Akademik Veri Yönetim Sistemi
ACTA MICROBIOLOGICA ET IMMUNOLOGICA HUNGARICA, sa.2, ss.110-120, 2024 (SCI-Expanded)
Carbapenem-resistant Enterobacterales (CRE) have become a major public health problem worldwide. The aim of this study was to investigate efficacy of ceftazidime/avibactam and plazomicin on carbapenem-resistant Klebsiella pneumoniae and Escherichia coli isolates. Susceptibility of imipenem, meropenem, ertapenem, ceftazidime/avibactam and plazomicin was investigated by broth-microdilution method.

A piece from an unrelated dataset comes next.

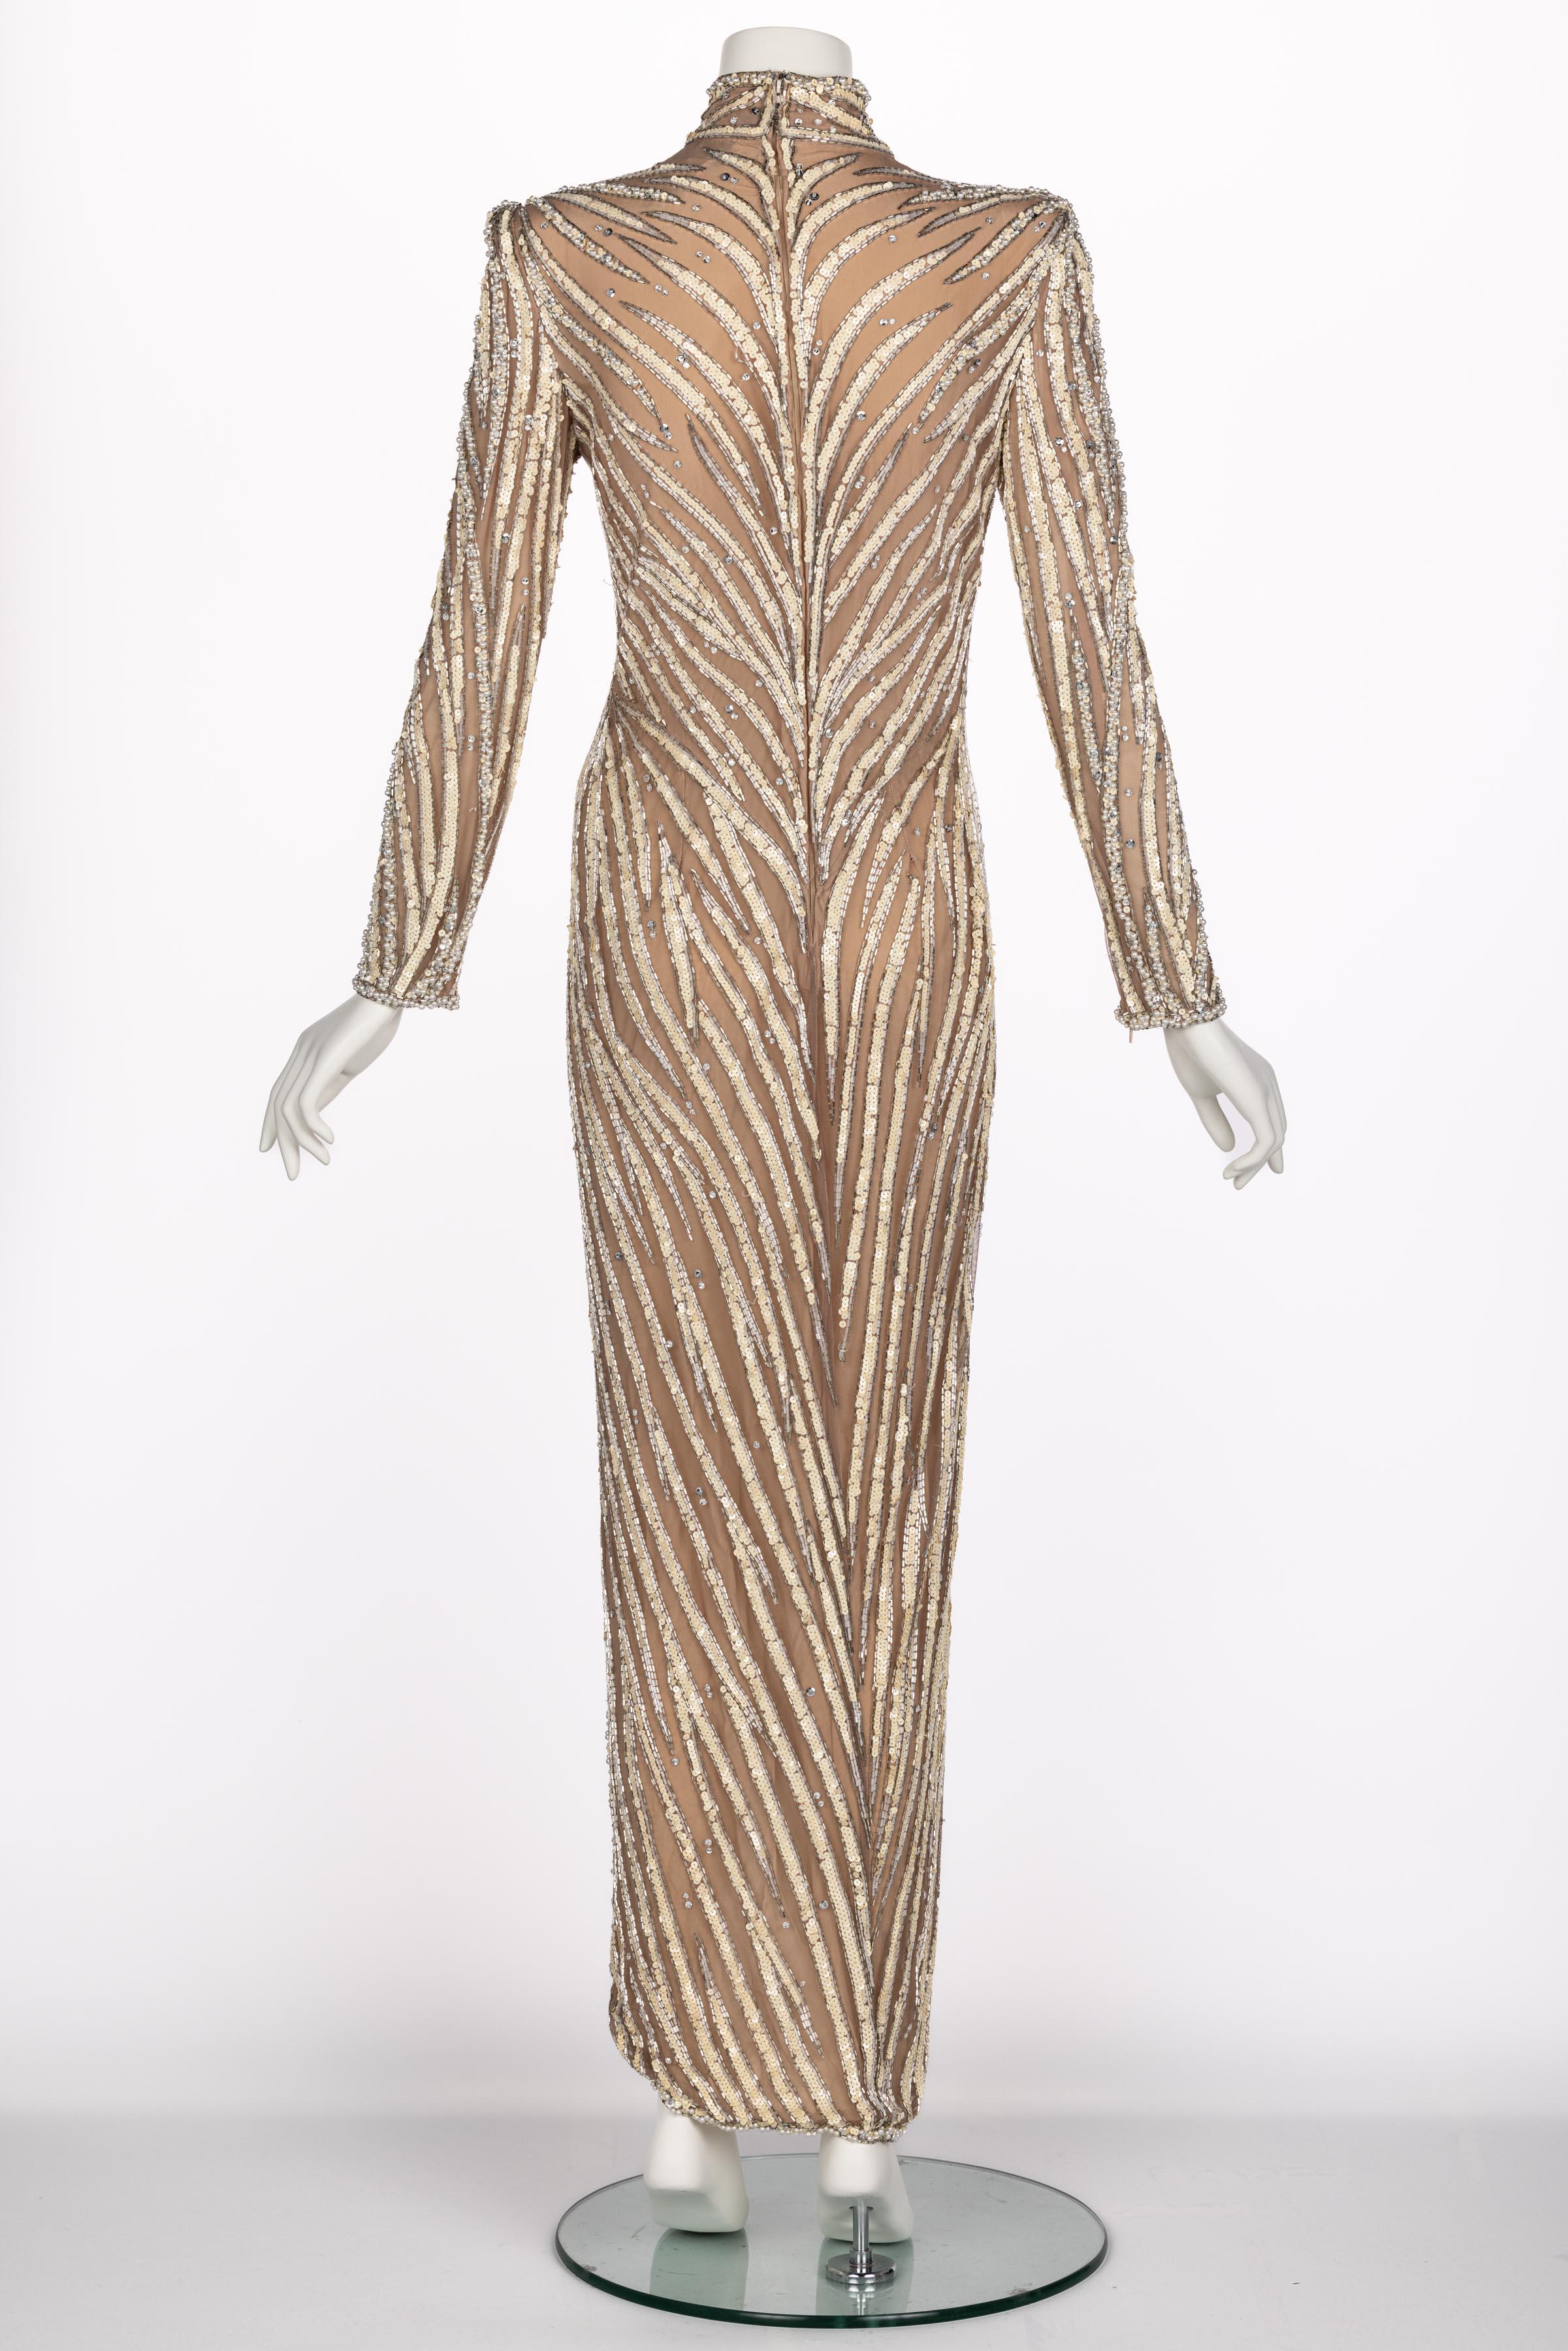 Brown Bob Mackie Ivory Sequin, Pearls & Nude Stretch Net Thigh High Slit Dress, 1980s For Sale
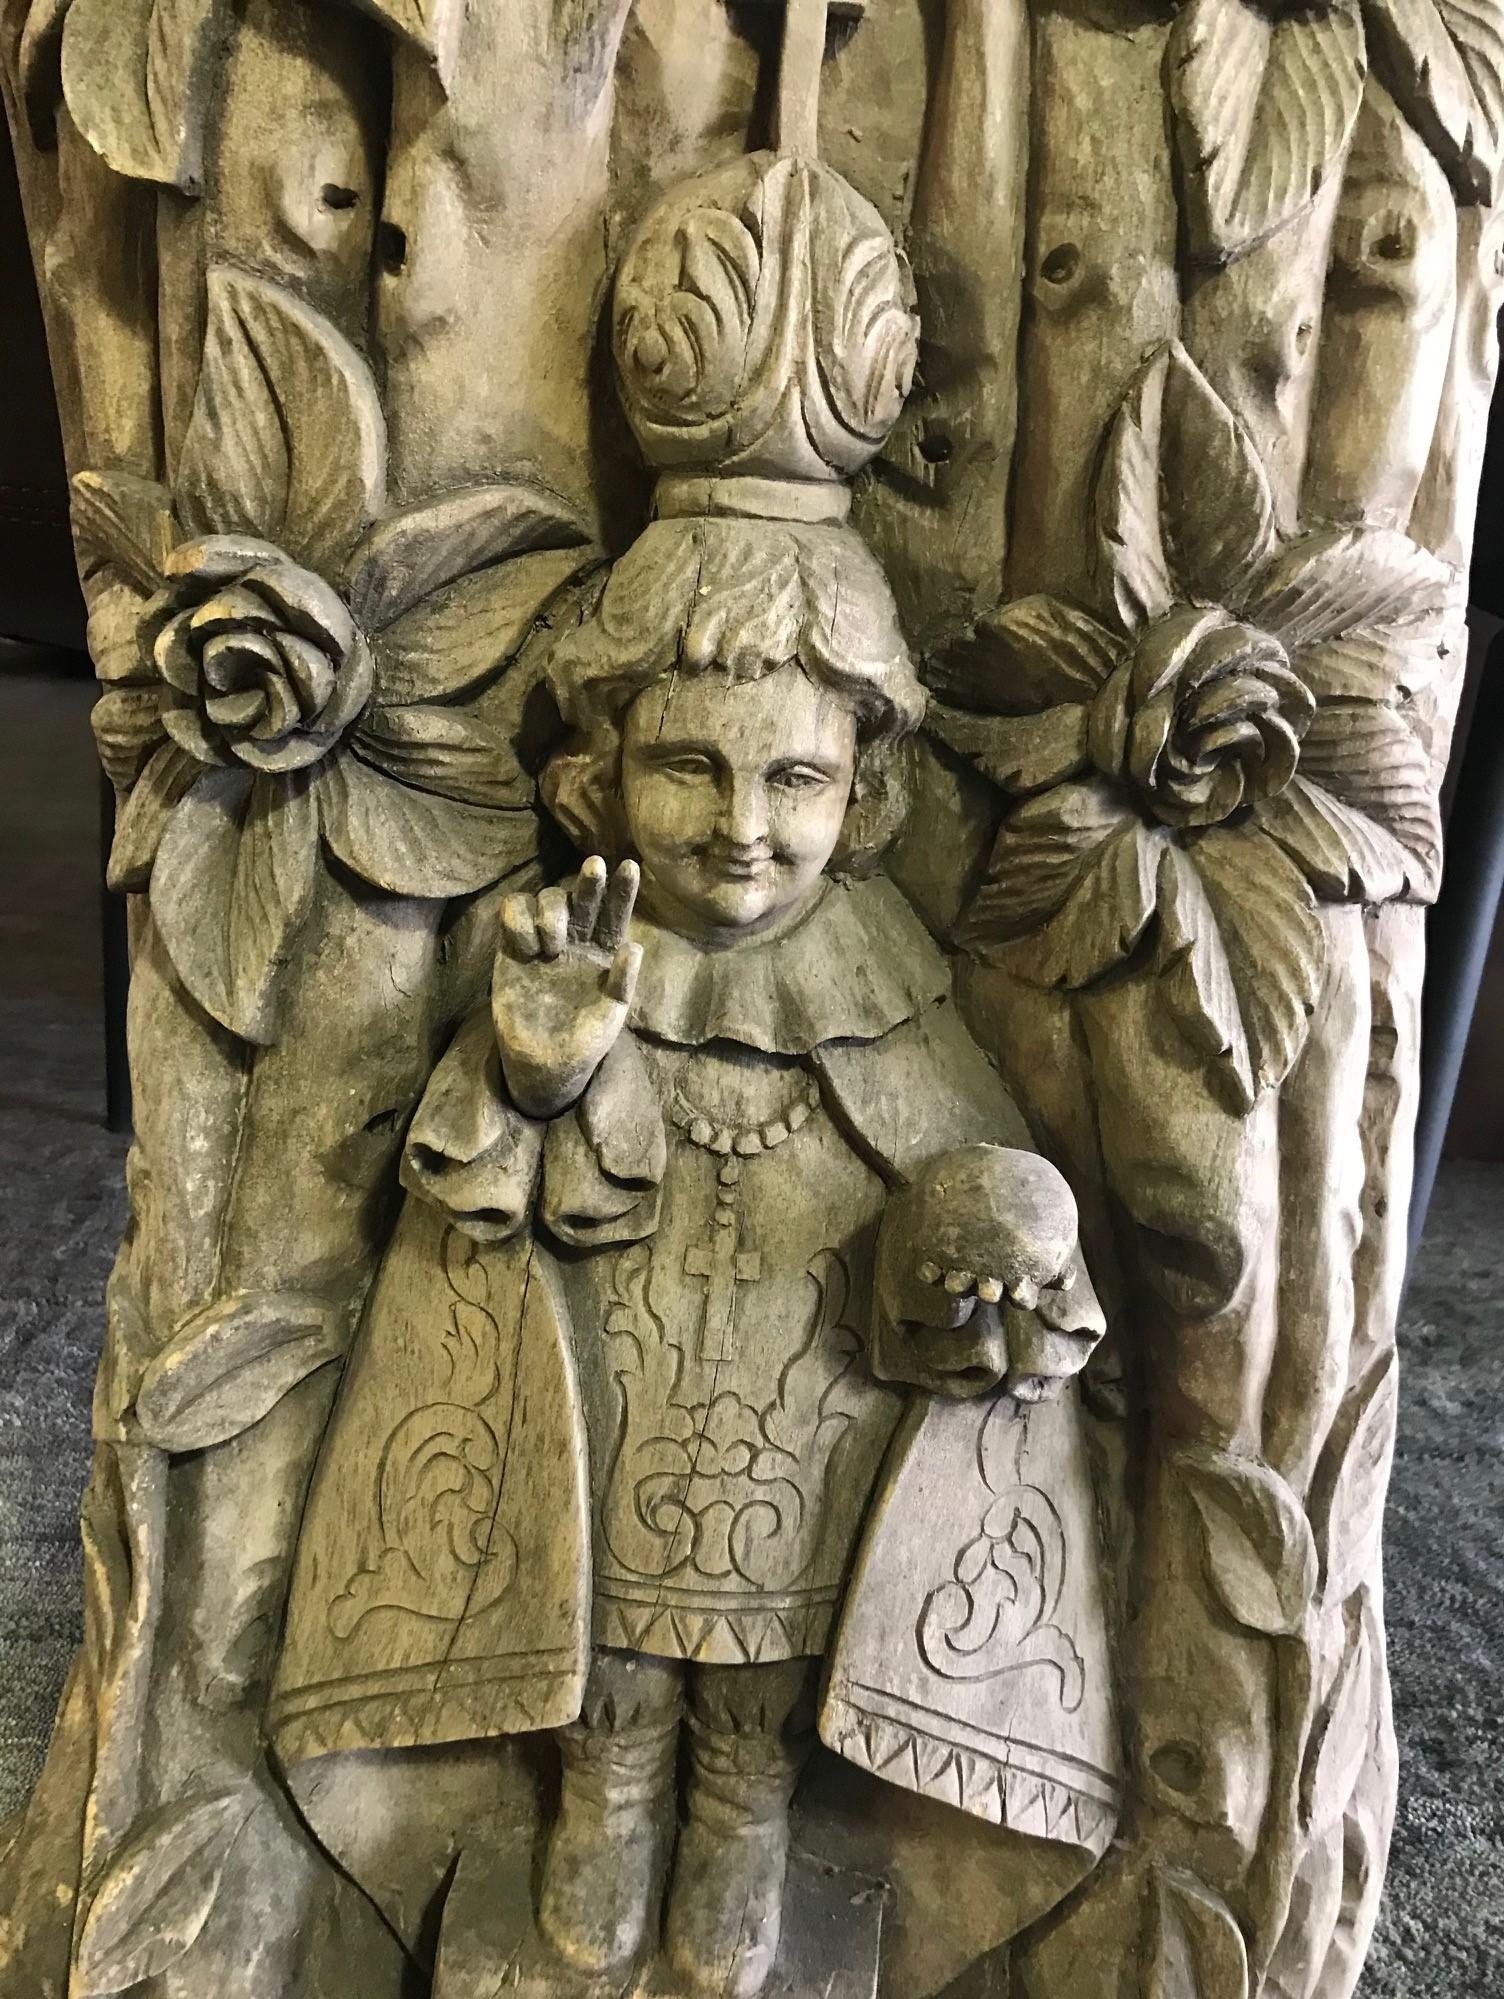 A wonderful, intricately carved, heavy work depicting a religious figure, likely a catholic saint offering his blessing (We have been told that this may be the Holy Infant of Prague (Santo Nino de Praga) or the Infant Jesus of Prague. This piece was

Major carbapenemases NDM, VIM, IMP, KPC, OXA-48 as well as other beta-lactamases namely, TEM, SHV, OXA-1-like, CTX-M, ACC, FOX, MOX, DHA, CIT, EBC, VEB, GES, PER were investigated by PCR. A total of 120 carbapenem-resistant isolates (60 E. coli and 60 K. pneumoniae) were included in this study and bla(OXA-48-like) was found in 78.33%, bla(NDM) in 26.66%, bla(KPC) in 7.5%, bla(IMP) in 5.83%, and bla(VIM) in 5%. Among 94 isolates with the bla(OXA-48-like) gene, 22.3% were resistant to ceftazidime/avibactam and 51.1% were resistant to plazomicin. Of 32 isolates with bla(NDM), 31 (96.9%) were resistant to ceftazidime/avibactam and 30 (93.75%) were resistant to plazomicin, and both antibiotics had limited effects against bla(NDM) carriers (P < 0.001). Of the 12 isolates with bla(NDM+OXA-48) combination, 11 (91.7%) were resistant to ceftazidime/avibactam and plazomicin. The effect of both antibiotics was significantly lower in strains with bla(NDM+OXA-48) combination (P < 0.005). The most common carbapenemase genes in this study were bla(OXA-48-like) and bla(NDM). Ceftazidime/avibactam demonstrated a good efficacy among OXA-48 producing K. pneumoniae and E. coli, however, plazomicin had a significantly lower antibacterial effect in our study. Both antimicrobial agents should be considered as an option by evaluating combined susceptibility results and gene patterns obtained by regional and global molecular data in the treatment of CRE infections.